こうした楽しいアイテムを取り入れて、その他のトレーニングにも促していくと、早い子どもでは半年程度で口唇閉鎖力と舌圧が変化します。たとえば、食べるのが遅い子どもは、スムーズに食べられるようになるなど、日常生活でも大きな改善がみられます。また、舌圧と口唇閉鎖力の測定結果をグラフ化し、その数値を子どもに見せてあげることで、トレーニングへのモチベーションや、本人の自信につなげています。子どもたちの改善をみて、私たちも大変やりがいを感じて、「もっとたくさんの子ども達に良い解決策を提案したい」という思いがどんどん膨らんでいます。口腔機能発達不全症はより早い段階でその機能の修正、回復を行うことが重要とされているため、愛知県歯科医師会で推進されている0歳児からの口腔育成事業を受けて、離乳食の摂食指導にも取り組んでいます。今後は地域の小児科医、歯科医、保育士、保健師、助産師との多職種連携により、お口の機能面で潜在的に困っている子どもと保護者をサポートする活動にも力を注いでいきたいと考えています。
<梶岡幸枝 歯科衛生士>
自身の出産で子どもに関わる楽しさを実感し、一般の歯科衛生士から小児歯科認定歯科衛生士を目指し、取得しました。我が子の成長と重ね合わせながら、小児歯科の知識を深めたいと思っています。
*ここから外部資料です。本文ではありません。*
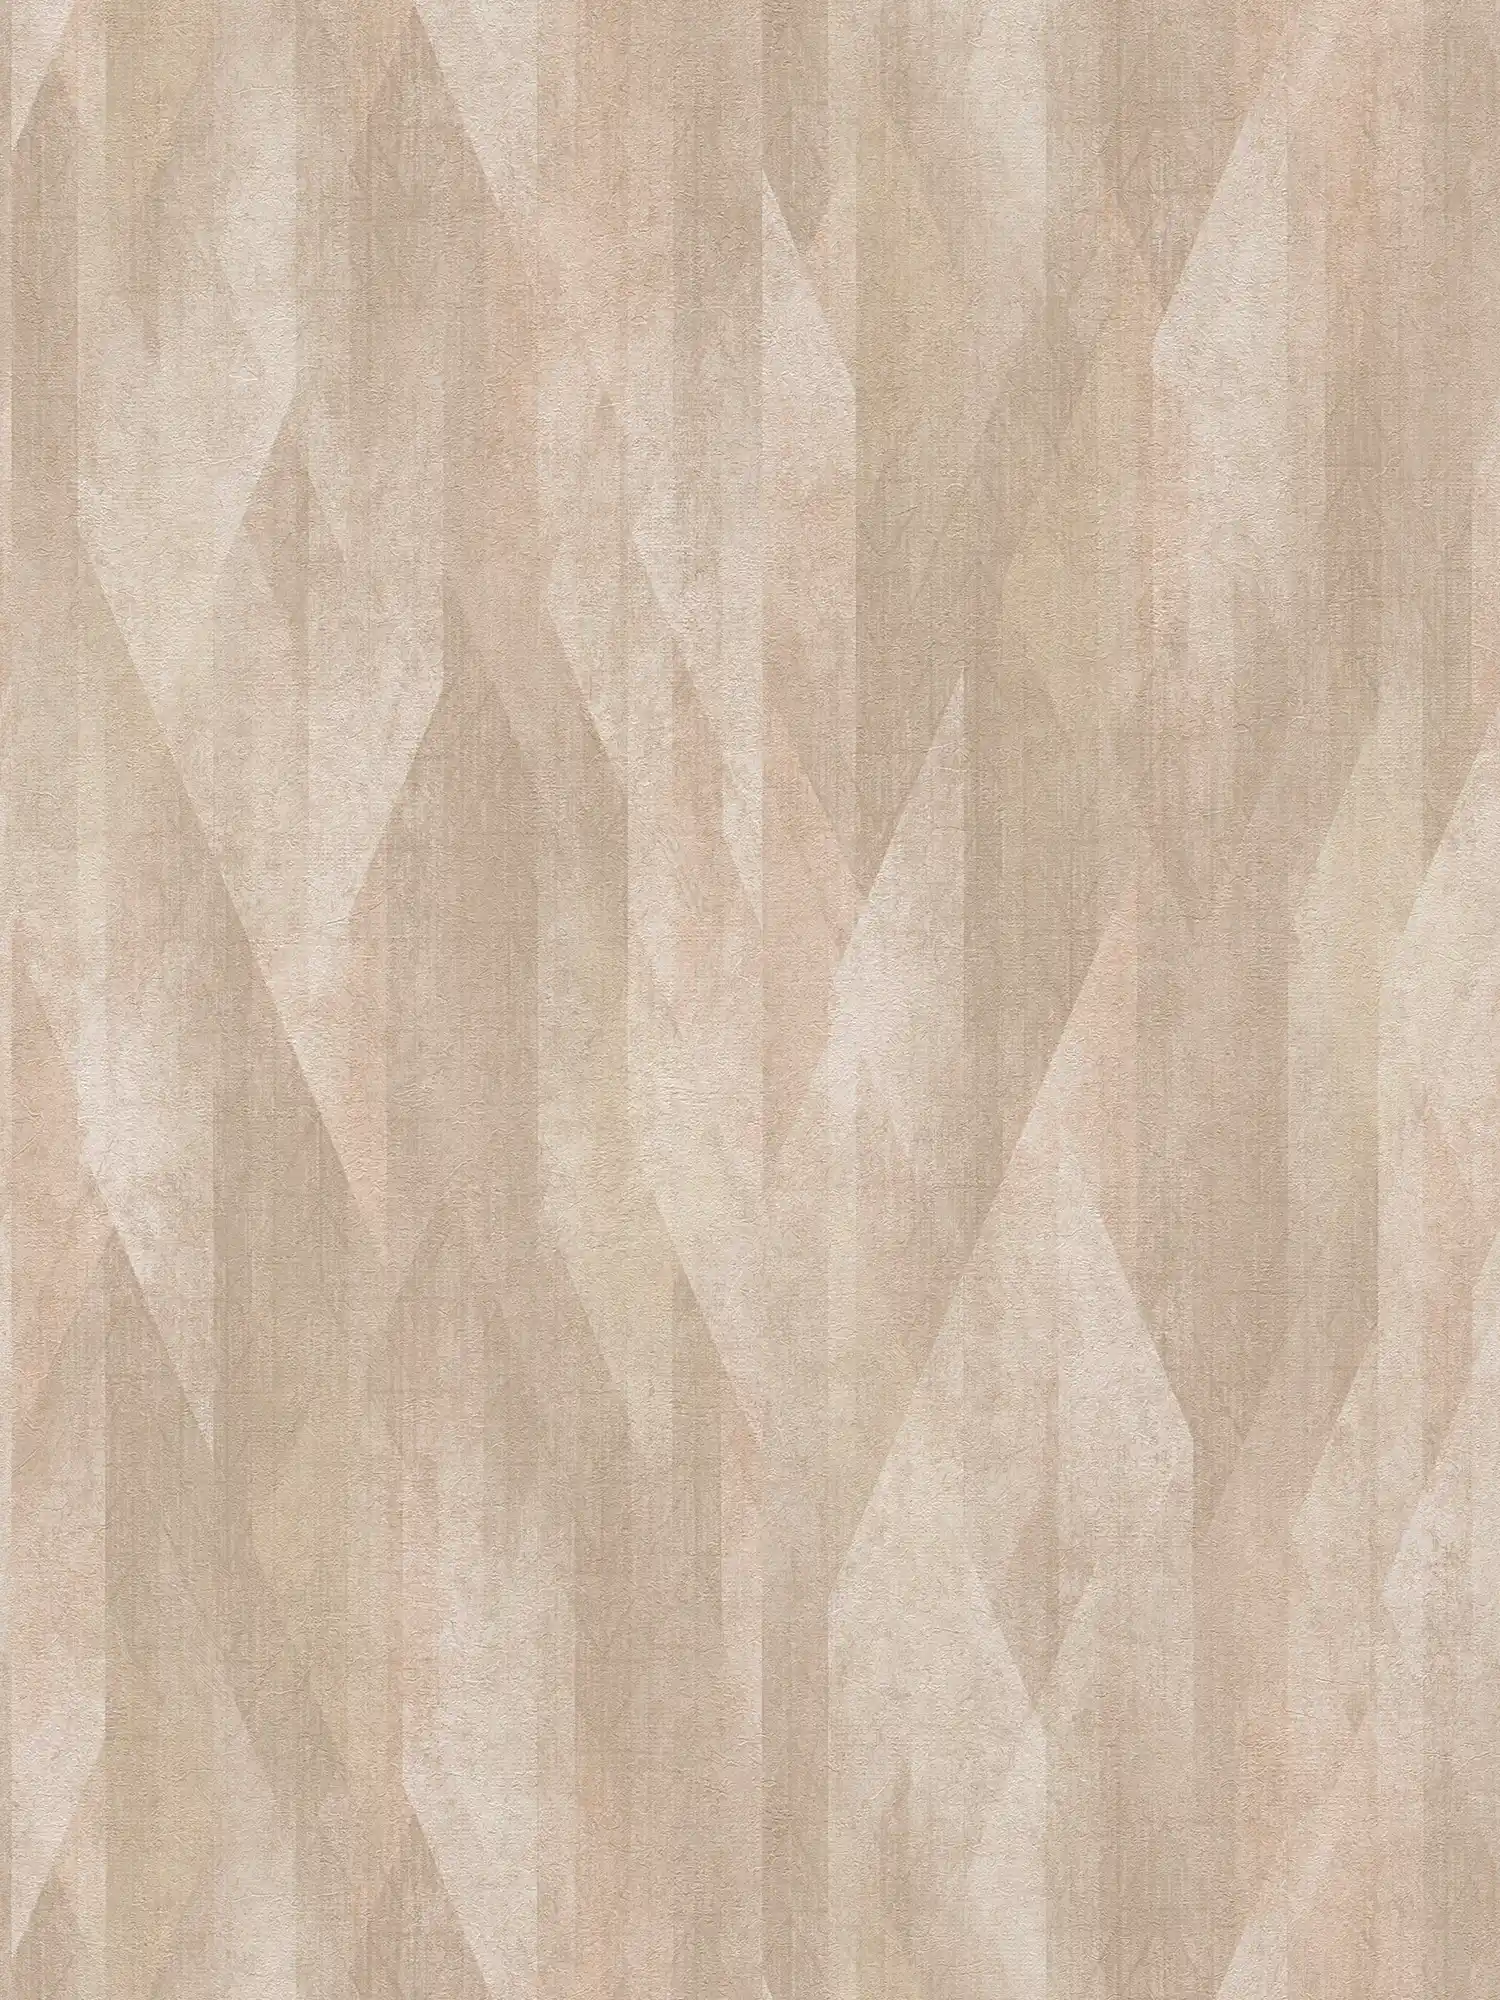             Papel pintado no tejido con diseño gráfico de rombos - beige, marrón

当院で長く歯科衛生士として患者さんと関わる中で、もともと子どもの舌の動きに関心がありました。また、成人の顎関節症や食いしばり、歯ぎしりなどの緊張を緩めるためのマッサージをしている経験から、口腔機能発達不全症のお子さんを見極める際は、とくに舌の動き、頰や唇の筋肉の緊張度、会話中の発音など、お口まわりの動きをチェックしています。
トレーニングでは、お子さんと適度な距離を保ちつつも、「歯科医院のやさしいお姉さん」として、お子さんたちの好きなことを引き出し、共感し、たくさん会話できる雰囲気を心がけています。そのなかで、多くのお子さんが右肩上がりの成果を上げて卒業されていきます。一方で、成果が落ちたり、横ばいになる場合は、必ずトレーニングのモチベーションが上がらない原因が隠れています。
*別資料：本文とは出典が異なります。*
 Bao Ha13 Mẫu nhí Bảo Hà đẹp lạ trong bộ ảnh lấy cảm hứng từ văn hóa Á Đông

たとえば、ある男の子との会話の中で、「お兄ちゃんにトレーニングの姿をからかわれるから、見せたくない」という悩みを抱えていることが分かりました。そこで、トレーニングをお風呂でやってみることを提案すると、安心してトレーニングに集中することができ、その後の成果が大きく変化しました。お子さんがつまずいてしまった時、「どうしてできないのかな?」「どうしたらできるようになるかな?」と、お子さんと一緒に考えていく。そのためにも、コミュニケーションはとても大切だと感じています。